10 things I know at 40 that I wish I'd known at 20
Student loans, debt, car payments -- the effects linger.
This post comes from partner blog The Dough Roller.
The
best thing about being 40 is having survived your 20s and 30s. And at
40, I'm considered an old-timer in the personal-finance blogging
community. Reflecting back on the past 20 years, I realize that I've
learned a thing or two that I wish (oh, how I wish) I had known when I
was 20.
Here they are, in no particular order:
School loans are like a bad date -- easy to get, but hard to get rid of.
At 40, I still have more than $20,000 in school loans. Education is
important, but I spent far more money during school than I needed to
spend.
Compounding, like the 1970s Big Red Machine, is pure magic.
Assuming you retire at 65 and earn a 10% return on your investments, $1
invested when you're 20 will be worth 2.5 times more than $1 invested
when you're 30, 6.5 times more than $1 invested when you're 40, and 18
times more than $1 invested when you're 50.
New cars, once bought, aren't new. I wish I could have back all the money we've spent on cars, particularly new cars. The cost just isn't worth the financial freedom you have to sacrifice.
Great fortunes are made from small investments. It's amazing to me how small monthly investments, given enough time, can grow into substantial wealth.
Investing, like children, shouldn't wait until you can afford it.

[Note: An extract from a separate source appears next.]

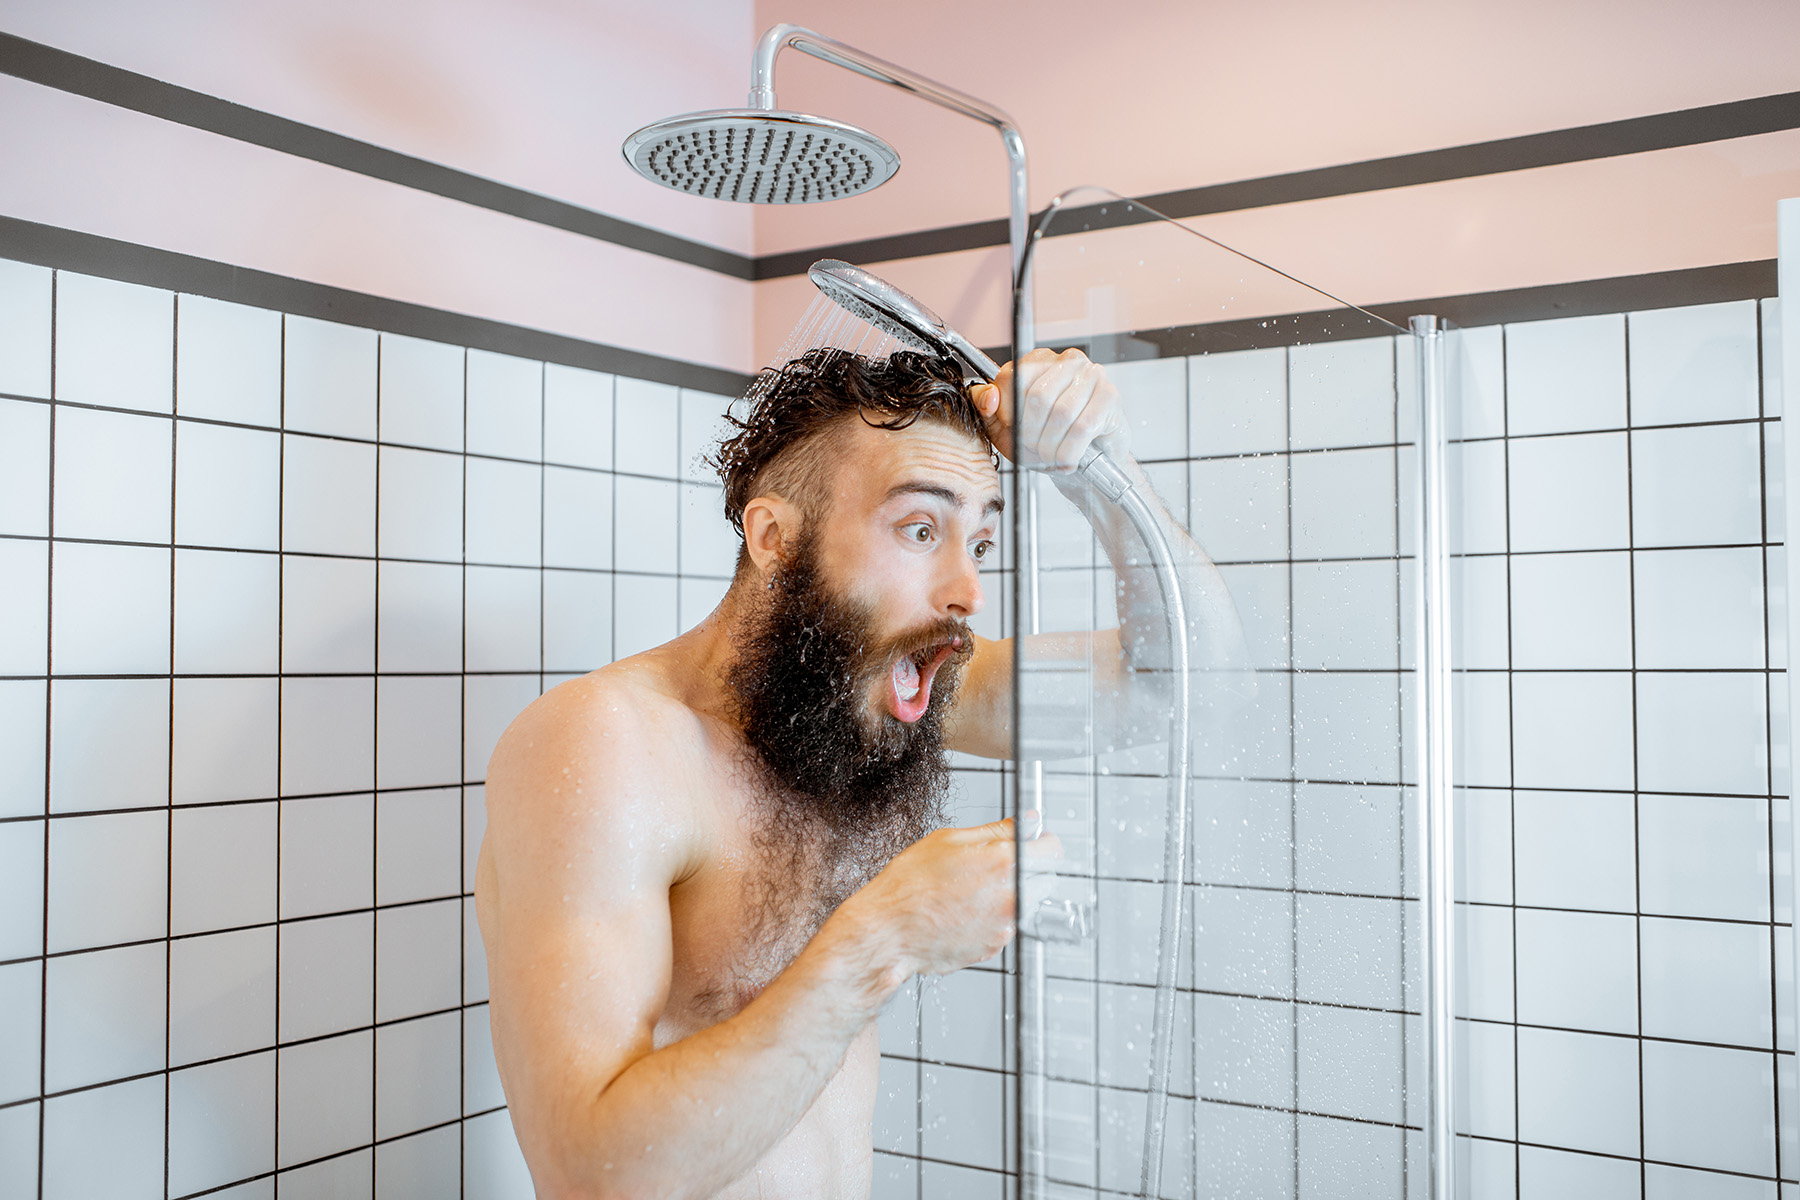 Surprised man in shower

If you can read this blog, then it's not too early to start investing.
This makes me wish I had started investing in high school. Fifty
dollars invested per month in high school earning 10% would be worth
about $212,000 at retirement.
Financial shortcuts increase the time it takes to reach your goals.
Ignore all the silly personal-finance books that promise great wealth
in a short time with no risk. Investing isn't hard, but these promises
are designed to sell books, not create lasting wealth.

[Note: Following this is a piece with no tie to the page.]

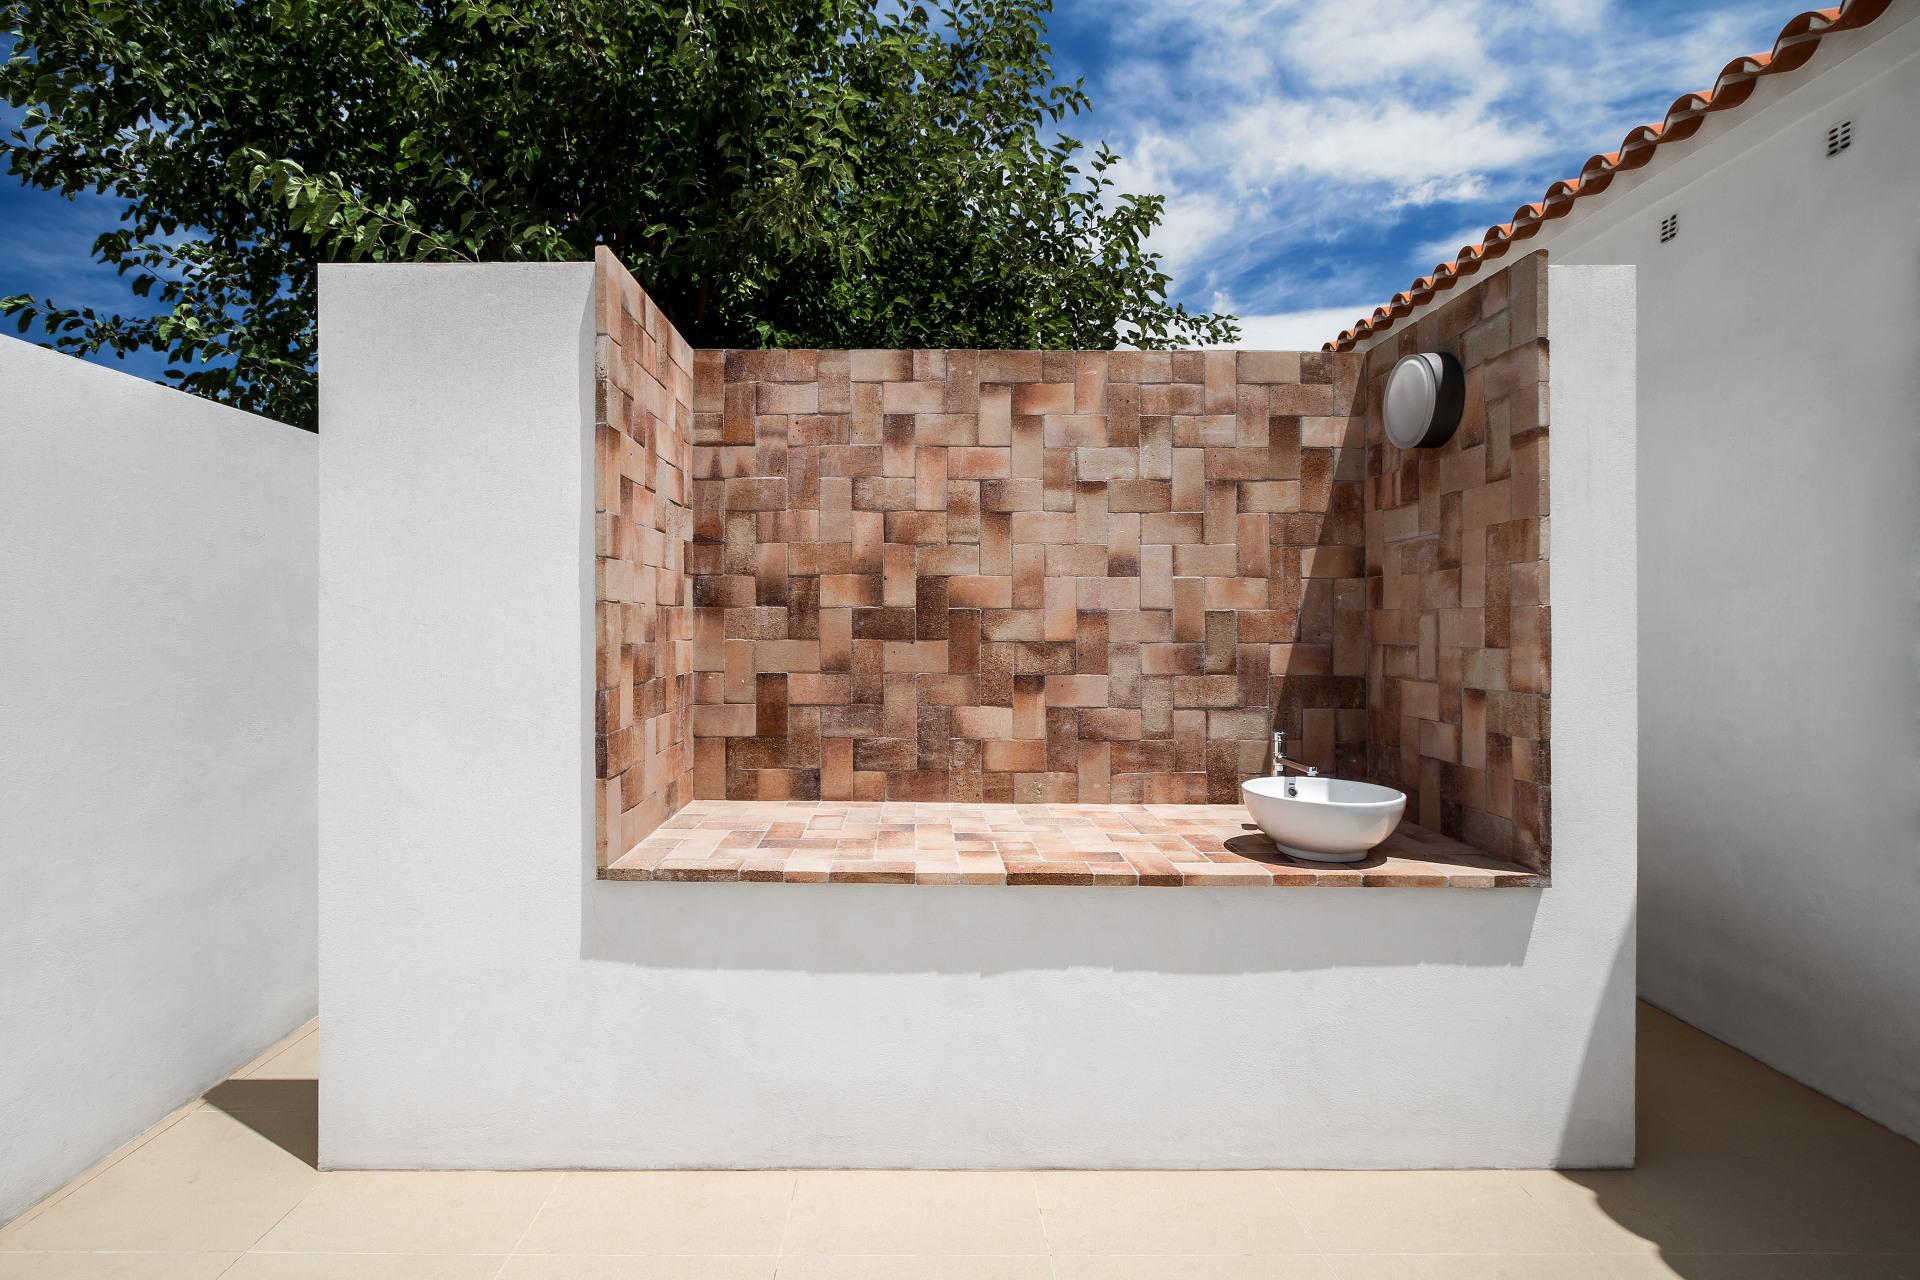 fotografia-arquitectura-valencia-german-cabo-selecta-home-denia (11)

My wife is more frugal than I am.
If I had recognized that 20 years ago, I would have listened to her and
not frittered away so much money on stupid stuff. Sorry, Mrs. Dough.
Unlike just about everything else in life, with investing you don't get what you pay for.
My first few mutual funds were load funds with high expense ratios. I
was so keen on picking the best performing funds that I completely lost
sight of one of the most important factors when picking a fund -- cost.
Consumer debt is like swimming with an anchor. We now shun consumer debt, but it took us far too long to learn this lesson.
Having too much stuff robs you of happiness and wealth.
I look around our house at all the stuff we've accumulated in 20 years
and all I see is lost investing opportunities and clutter.
I wonder what I'll know at 60 that I'll wish I had known at 40.